Moustafa Ghareeb, Alnami Hashim, Ginidi Ahmed R, Shaheen Abdullah M
Department of Electrical and Electronic Engineering, College of Engineering and Computer Science, Jazan University, P.O. Box114, Jazan, 45142, Saudi Arabia.
Department of Electrical Engineering, Faculty of Engineering, Suez University, P.O. Box: 43221, Suez, Egypt.
Heliyon. 2024 Oct 30;10(21):e39902. doi: 10.1016/j.heliyon.2024.e39902. eCollection 2024 Nov 15.
Identification of photovoltaic (PV) module characteristics in solar systems is a vital task, nowadays, for optimal PV power estimation. In this paper, this challenge task has been studied using a novel advanced Kepler optimization algorithm (KOA). The standard version of KOA is adopted and assessed for getting the nine parameters of the PV triple diode model (3DM) considering three different practical PV modules. Kepler's principles of planetary motion are used by KOA to forecast the location and velocity of planets at any particular moment. However, the success rate of the KOA is not compatible, and its efficiency needs to be enhanced. As a result, an Improved KOA (IKOA) is created by incorporating an advanced mechanism of Local Escaping Operator (LEO), resulting in improved process of searching with evading local optima. This mechanism means that the exploitation approach will activate with around half of the solutions for every iteration starting at the initial phase of the iteration journey. The suggested IKOA besides the standard KOA are developed for predicting PV parameters for three distinct PV modules which are Photowatt PWP201, R.T.C France and STM6-40/36. The results corresponding to the latest algorithms are also compared with the proposed IKOA about different published works. The simulation findings reveal that the suggested IKOA exhibits notable average improvement rates for the three modules of 62.27 %, 55.1 %, and 32.12 %, respectively. Furthermore, the suggested IKOA asserts significant superiority and robustness over previously reported results.

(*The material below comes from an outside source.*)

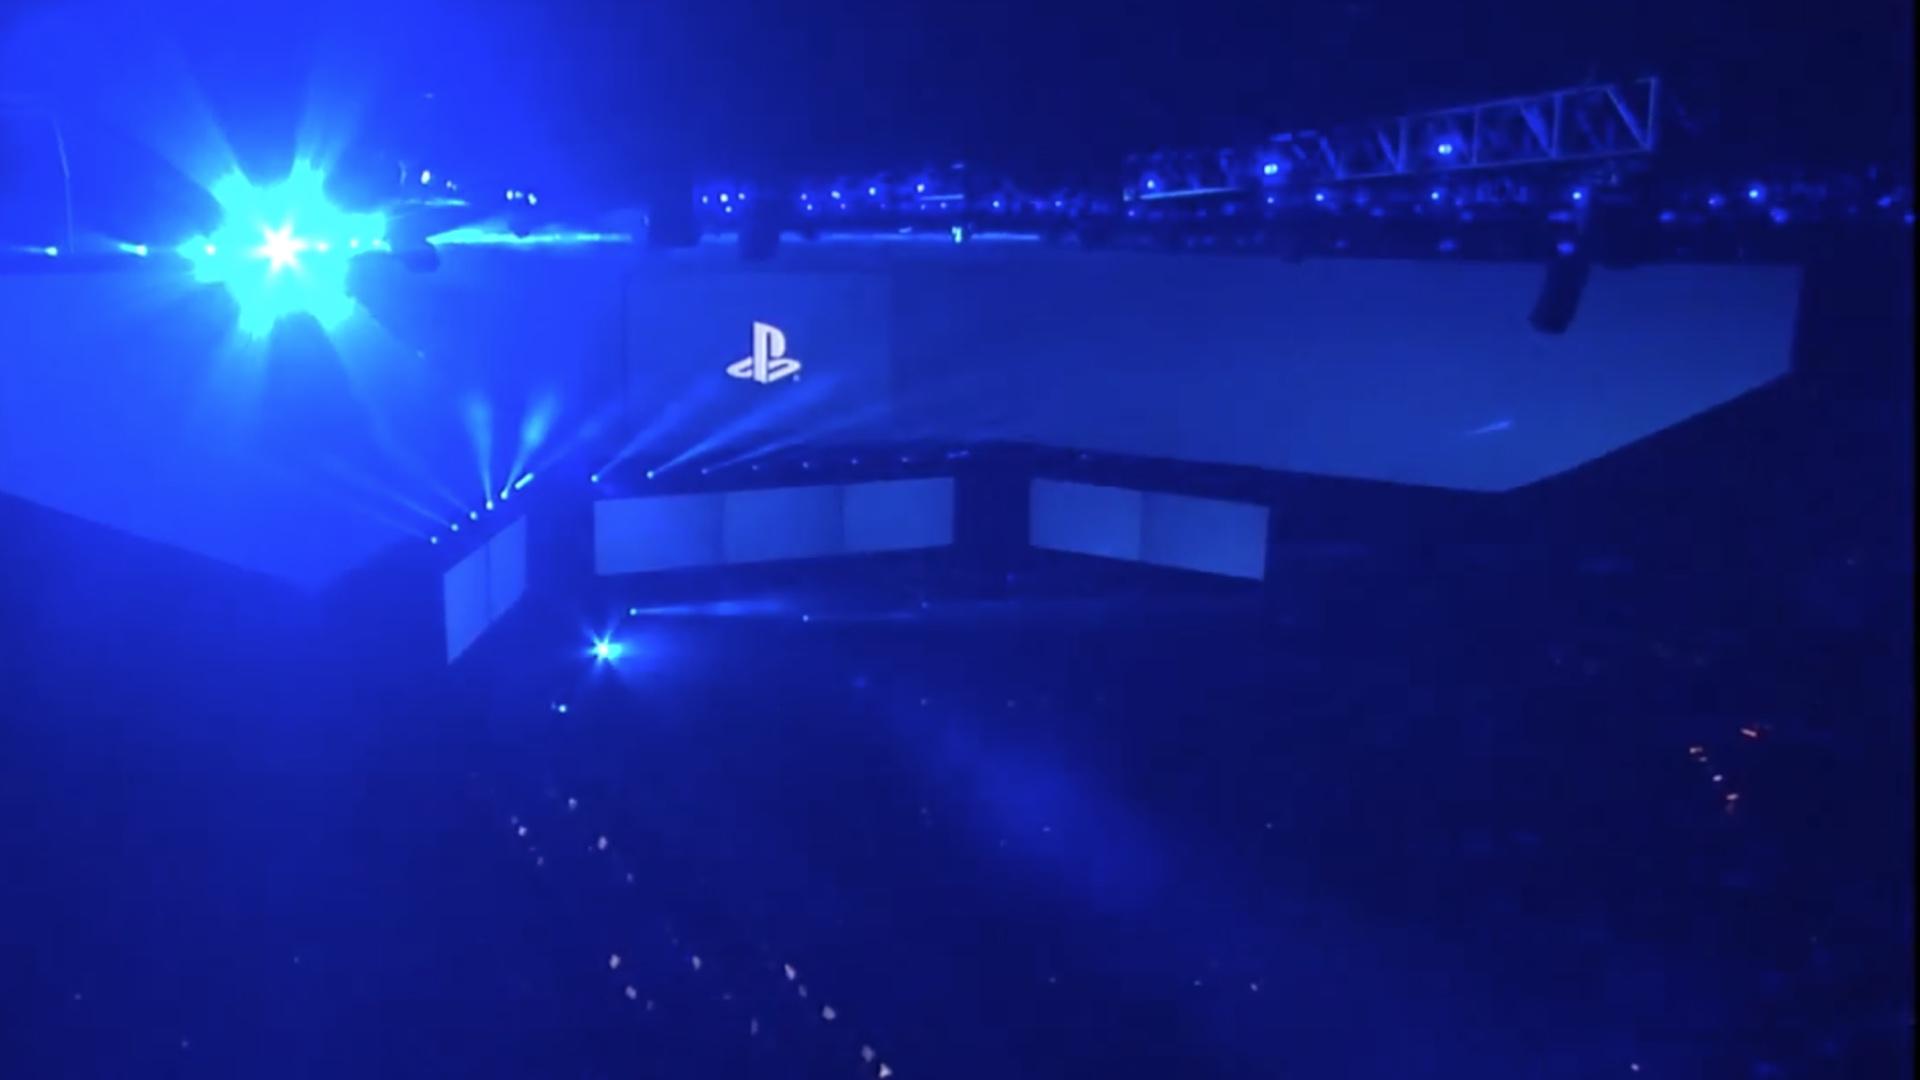 PS4 E3 2015 Playstation Experience

如今,识别太阳能系统中的光伏(PV)模块特性对于优化光伏功率估计而言是一项至关重要的任务。在本文中,已使用一种新颖的先进开普勒优化算法(KOA)对这一具有挑战性的任务展开研究。采用并评估了KOA的标准版本,以获取光伏三二极管模型(3DM)的九个参数,其中考虑了三种不同的实际光伏模块。KOA运用开普勒行星运动原理来预测行星在任何特定时刻的位置和速度。然而,KOA的成功率并不理想,其效率有待提高。因此,通过纳入一种先进的局部逃逸算子(LEO)机制创建了改进的KOA(IKOA),从而改进了搜索过程并避免局部最优。该机制意味着在迭代过程的初始阶段,每次迭代大约一半的解会激活探索方法。除了标准KOA之外,还开发了建议的IKOA,用于预测三种不同光伏模块(即Photowatt PWP201、法国R.T.C和STM6 - 40/36)的光伏参数。还将最新算法的结果与建议的IKOA在不同已发表作品方面进行了比较。模拟结果表明,建议的IKOA对于这三个模块分别展现出显著的平均改进率,即62.27%、55.1%和32.12%。此外,建议的IKOA相对于先前报道的结果具有显著的优越性和稳健性。